The Temperature Paradigm Shift: GPT-5 Changes Everything

If you've been working with GPT-4 or earlier models, you're familiar with the temperature and top_p parameters for controlling response randomness. Here's the critical update: GPT-5 no longer supports these parameters!

The Old Way (GPT-4)

csharp

var chatRequest = new ChatOptions
{
    Temperature = 0.7,  // ✅ Worked with GPT-4
    TopP = 0.9          // ✅ Worked with GPT-4
};

The New Way (GPT-5)

csharp

var chatRequest = new ChatOptions
{
    RawRepresentationFactory = (client => new ChatCompletionOptions()
    {
#pragma warning disable OPENAI001
        ReasoningEffortLevel = "minimal",
#pragma warning restore OPENAI001
    })
};

Why the change? GPT-5 incorporates an internal reasoning and verification process. Instead of controlling randomness, you now specify how much computational effort the model should invest in reasoning through the problem.

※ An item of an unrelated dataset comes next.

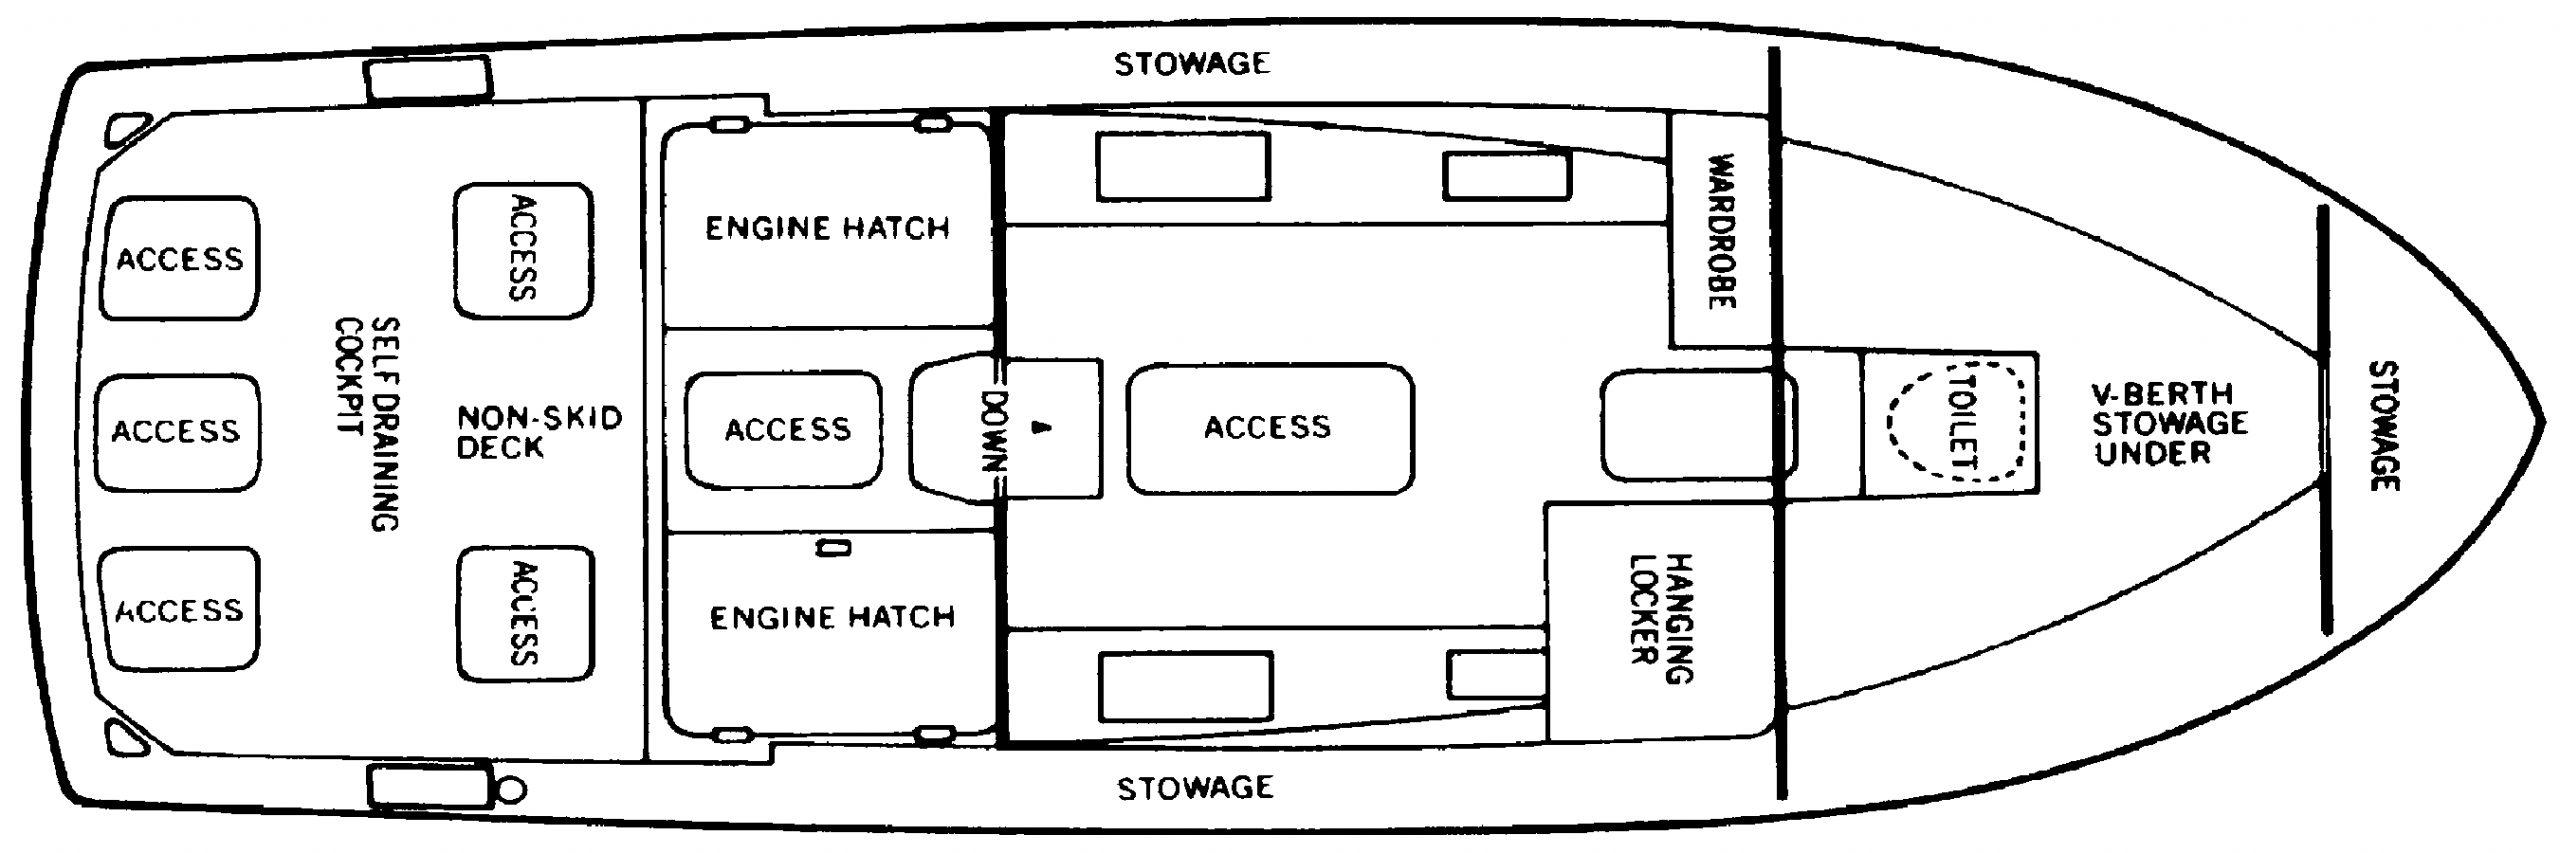 28 Sport Fisherman Floor Plan 1

Choosing the Right Reasoning Level

Low: Quick responses for simple queries (e.g., "What's the capital of France?")
Medium: Balanced approach for most use cases
High: Complex reasoning tasks (e.g., code generation, multi-step problem solving)

Pro Tip: Reasoning tokens are included in your API costs. Use "High" only when necessary to optimize your budget.

System Prompts: The "Lost in the Middle" Problem

Here's a critical insight that can save you hours of debugging: Important rules must be repeated at the END of your prompt!

❌ What Doesn't Work

You are a helpful assistant.
RULE: Never share passwords or sensitive information.

[User Input]

✅ What Actually Works

You are a helpful assistant.
RULE: Never share passwords or sensitive information.

[User Input]

⚠️ REMINDER: Apply the rules above strictly, ESPECIALLY regarding passwords.

Why? LLMs suffer from the "Lost in the Middle" phenomenon—they pay more attention to the beginning and end of the context window. Critical instructions buried in the middle are often ignored.

RAG Architecture: The Parent-Child Pattern

Retrieval Augmented Generation (RAG) is essential for grounding LLM responses in your own data. The most effective pattern I've found is the Parent-Child approach.

How It Works

Split documents into hierarchies:
- Parent chunks: Large sections (1000-2000 tokens) for context
- Child chunks: Small segments (200-500 tokens) for precise retrieval
Store both in vector database with references
Query flow:
- Search using child chunks (higher precision)
- Return parent chunks to LLM (richer context)

The Overlap Strategy

Always use overlapping chunks to prevent information loss at boundaries!

Chunk 1: Token 0-500
Chunk 2: Token 400-900   ← 100 token overlap
Chunk 3: Token 800-1300  ← 100 token overlap

Standard recommendation: 10-20% overlap (for 500 tokens, use 50-100 token overlap)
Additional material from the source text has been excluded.